怨念の系譜/早坂茂三[集英社:集英社文庫]

 幕末、越後長岡藩河井継之助という豪傑がいた。「長州の高杉晋作と東西の双璧と称せられ、真の武士」とまで言われ、藩の財政改革、組織・人事改革はもちろん軍隊の整備・兵制改革に着手し、その強力な先見性、決断力、実行力、情熱から広く将来を期待されたが、折からの明治維新によって新政府軍と戦うことを余儀なくされる。河井は新政府軍を薩長勢力の私軍と見ており、内戦によって民衆に大打撃を与え国力を消耗するのは得策ではなく、坂本龍馬が提唱した「公議政体論」を支持していた。だが血気にはやる若き薩長勢力は錦の御旗を盾に「恭順か、抵抗か」の二元論に固執し、河井は旧幕府軍・奥羽列藩同盟の傘下に入る苦渋の決断を下す。そして戊辰北越戦争が始まるのである。
 戊辰北越戦争による新政府軍の兵力は三万、対する奥羽列藩同盟軍は八千である。事実上の総司令官である河井は地の利を生かして攻守巧妙に行い、後に石原莞爾が絶賛した「今町攻略戦」により新政府軍を翻弄するが、やがて山縣有朋率いる新政府軍総攻撃により悲劇の結末を迎えることとなる。その後、薩長勢力が支配する明治新政府により旧奥羽列藩同盟諸国は冷遇され、半年も雪に埋もれて行動を制約されるような壮絶な住環境の中で河井の無念と越後長岡藩の民衆の怨念を晴らすかのように山本五十六田中角栄という日本史上の巨頭が現れることになる。
 明治期、旧奥羽列藩同盟諸国には軍人や官吏への道を目指すものが多かったという。朝敵の汚名を晴らし、故郷を惨劇の地へと追いやった薩長勢力が牛耳る政府を変革するためにである。山本五十六もまた、「薩摩の海軍をやっつけるため」に海軍へと入る。そこでイギリス海軍の伝統を受け継ぐリベラルな思考を身につけ、海外赴任により国際視野を広め、当時常識であった艦隊主義から航空部隊への転換の必要性をいち早く見抜いている。

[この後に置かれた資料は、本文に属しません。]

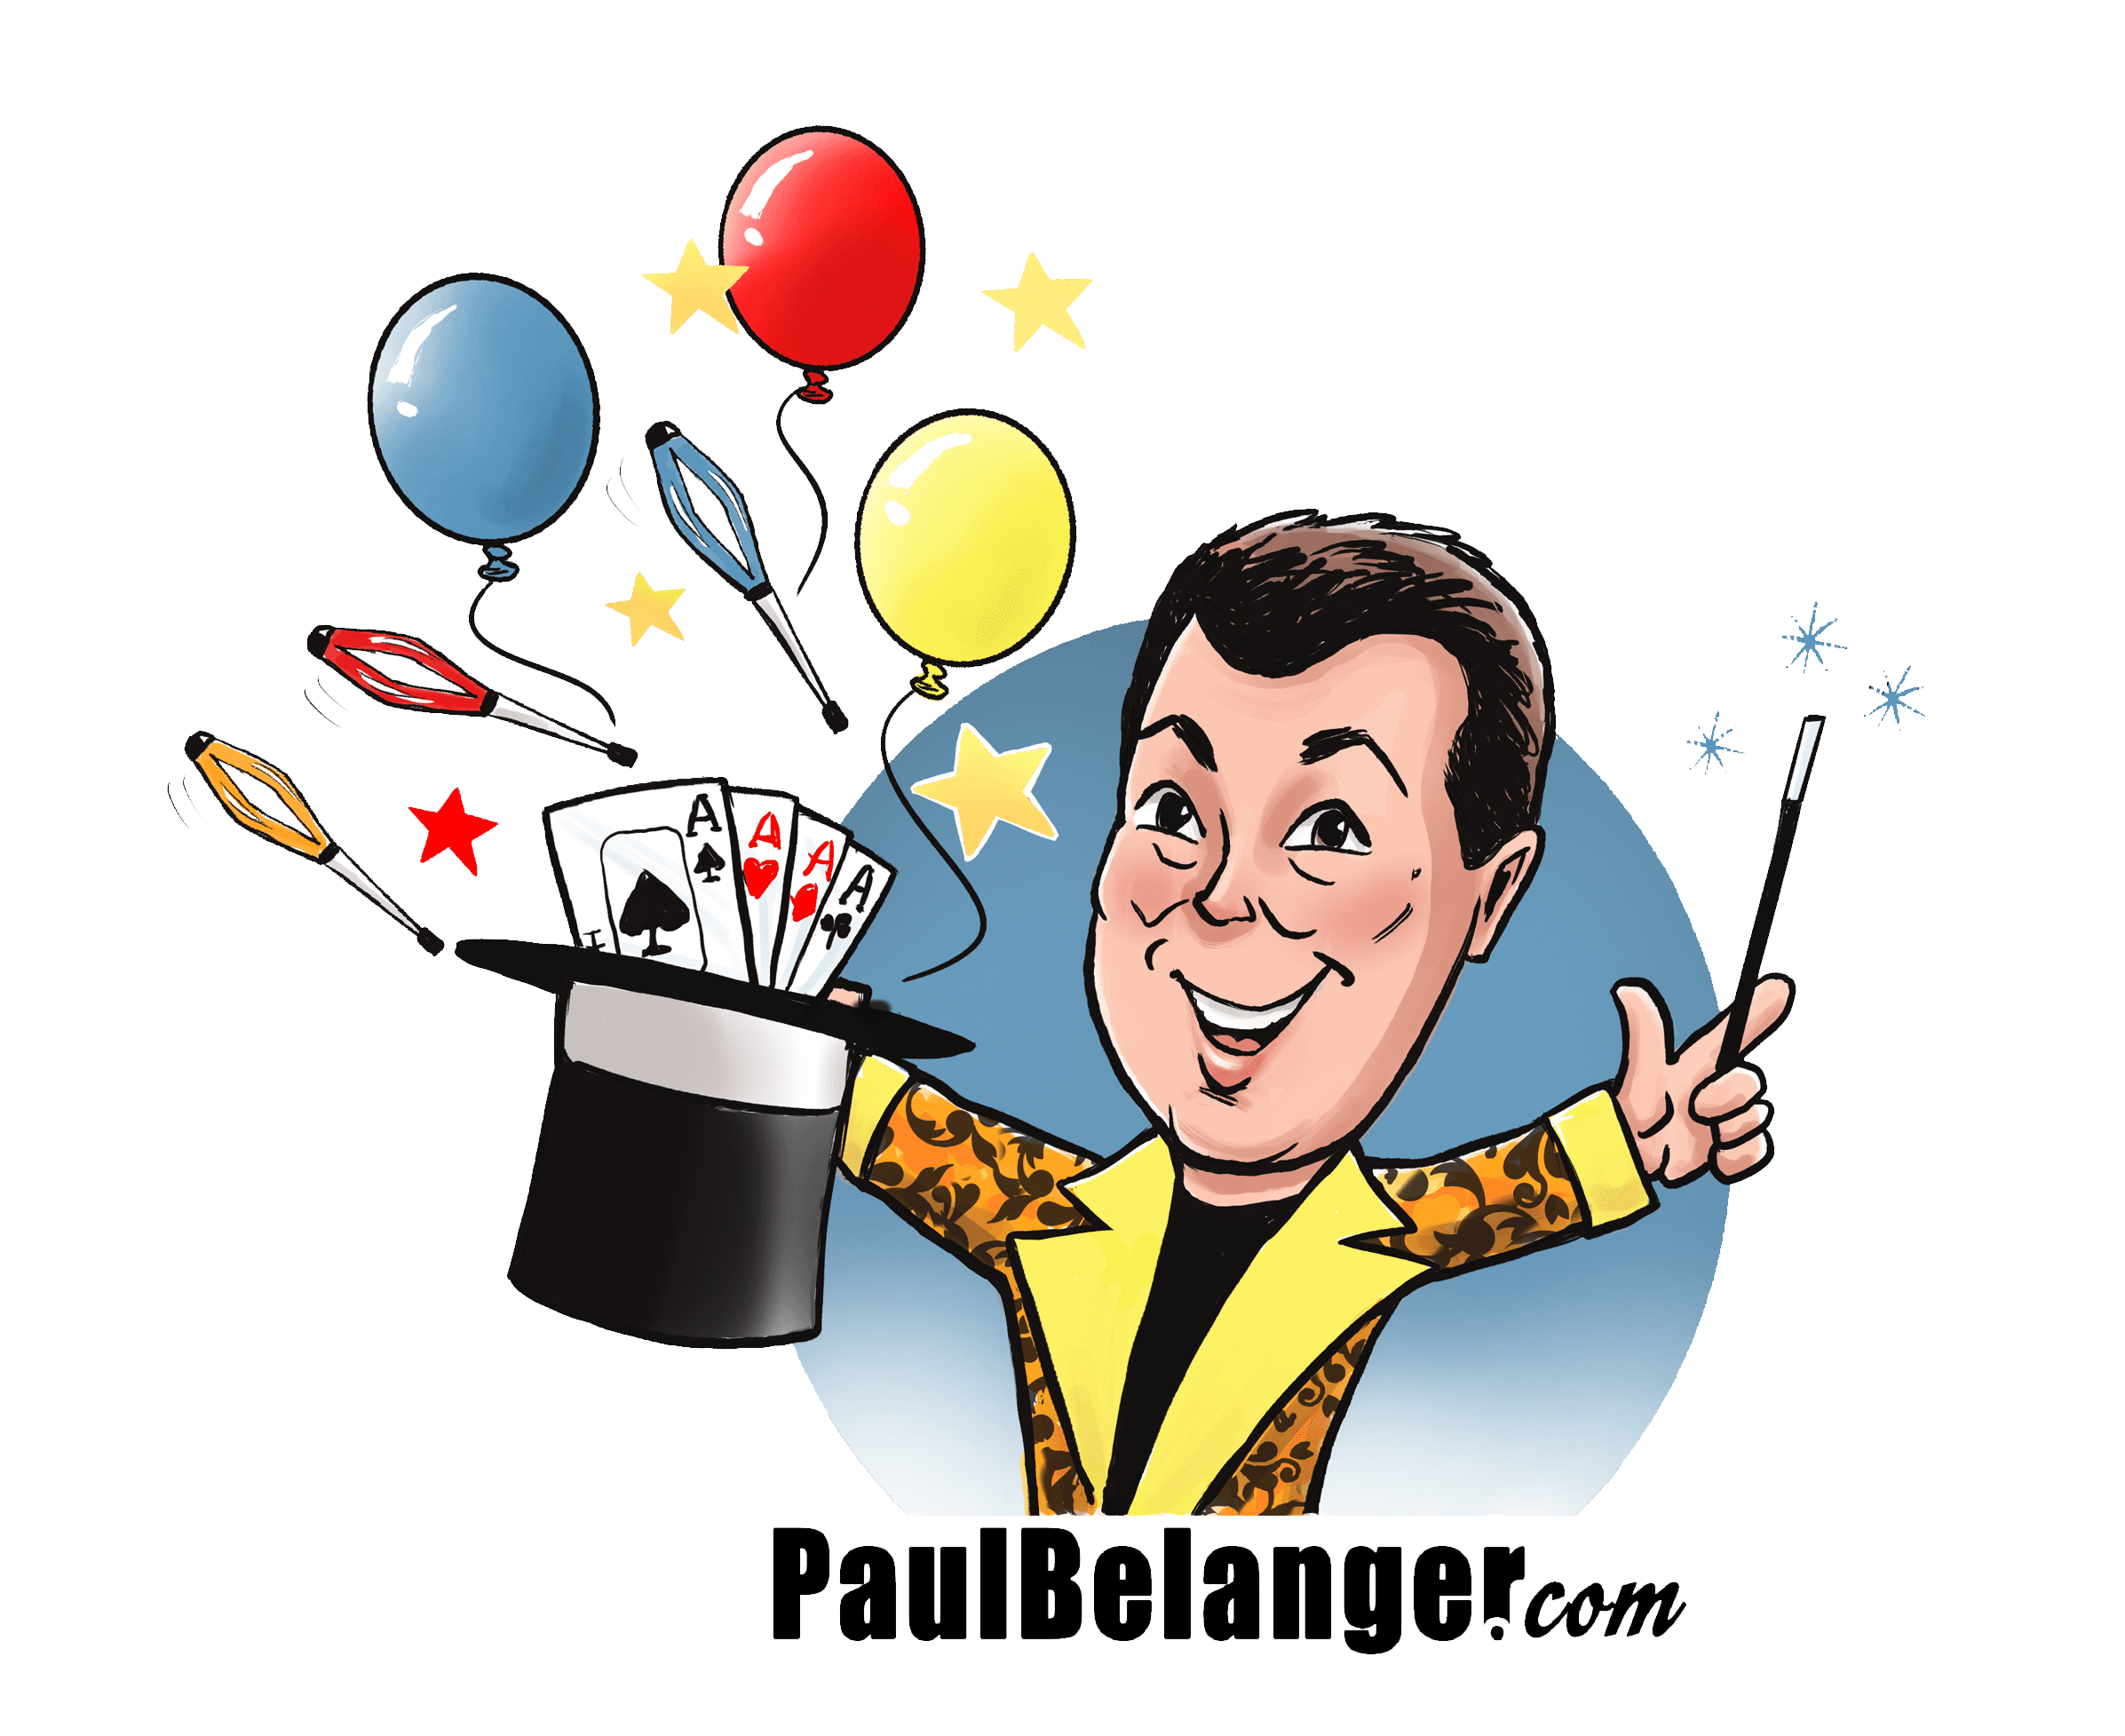 PaulBelanger.com

 山本が海軍の中枢に参画したのは1936年12月である。この年2月の二・二六事件によって陸軍は事実上権力を握り、井の中の蛙である陸軍は日独伊三国同盟固執、海軍やマスコミも熱病のように踊らされるが山本らはそんなことをすれば英米との対立が決定的となるとして断固反対するが、河井が荒ぶる薩長勢力に押して押して押されてしまったように山本もまた最終的にこれを認めさせられてしまうのである。そして日米関係は当然のごとく悪化、有名な「一年なら存分に暴れてみせますが、それ以上は保証できません」の言と共に山本自ら育てた航空部隊によって真珠湾奇襲に成功、一時は東郷平八郎と並び称されるほどになるが、その結末は言うに及ばない。
 だが河井・山本に続いてまたしても新潟から日本政治の主役が誕生した。田中角栄である。こうなると田中角栄語り部である作者の独壇場であるが、田中は地元の森羅万象にわたる陳情を重く受け止め、その実現に全力投球することを何よりの第一とした。「現代は陳情の時代だ。陳情という言い方が悪ければ、主権者の提言と言ってもいい。マスコミは陳情をいけないことのように言うが、それは旧憲法的思想であり、物の見方が逆立ちしている。国民が立法府や行政に対して、あれをしてくれ、これをしてほしいと陳情するのは、株主が取締役会に対して累積投票権を要求するのと同じことだ。主権者の請願、陳情は憲法上の大権と言っていい」。ここでも薩長政府が築き上げた明治新政府の中で貧乏の限りを尽くし、怨念となった民衆の想いを背負って出てきたのが田中角栄だということがわかる。
 首相にまで登りつめた田中の時代は国際関係が大きく変わろうとしていた時でもあった。米ソの緊張緩和と米中和解、中ソ対立と多くの課題がひしめいていたが中東戦争で日本外交は苦境に立たされた。日本は石油のほとんどを中東産石油に頼っており、アラブ諸国が「非友好国」と見なせば供給されないのである。その最中、イスラエル寄りのアメリカ・キッシンジャー国務長官田中首相は会談した。
「日本は石油輸入の80%を中東に頼っている。これを切られては日本経済の命脈が尽きる。アメリカは日本に石油を供給してくれるか」
「それは国務長官がかかわる問題ではない」
 そして田中はアラブ支持を発表、独自の資源外交のため頻繁に各国を訪問することになるが、これがアメリカの逆鱗に触れてロッキード事件につながるかどうかは謎である。だが時の首相は田中角栄が唯一認めた政敵・三木武夫である。アメリカ・上院外交委員会公聴会でのコーチャンが「ロッキード社がトライスター旅客機を売り込む際、複数の日本政府高官に政治資金を渡した」と発言、これを田中打倒、三木内閣延命の好機ととらえた三木は「事件の解明は全ての政策課題に優先する」として田中逮捕への幕が開くのである。この時田中は作者に対し、「おい、トライスターとは、どういう意味なんだ」と真面目に聞いてきたという。
 作者は田中側の人間である。その作者がロッキード裁判を否定するのはたやすいが、この時期の「田中憎し」の空気が異常であったのは確かである。山本五十六を悲劇に追いやった日本人の根拠なき熱狂、一過性のテンション民族にして付和雷同性が強い性質に田中もまた追いやられた。それは純学術的な研究論文まで田中擁護となれば殺されるほどのものであった。汚名は拭われず、田中もまた悲劇の結末を迎えた。
 幕末から現代に至るまで、この日本には虐げられ、蔑まれ、冷や飯を食わされた下層階級の怨念が蔓延している。下層階級が華々しい成功を収めるのは一瞬のことで、すぐに従来のエスタブリッシュメント階級に潰されるのである。地方と都会、労働者と資本家、庶民とエリート、負け組と勝ち組、日本と米国。それでも我々は戦い続けなければならない。作者の本はいつでもそうだが、読む者に静かな勇気を与えてくれるのである。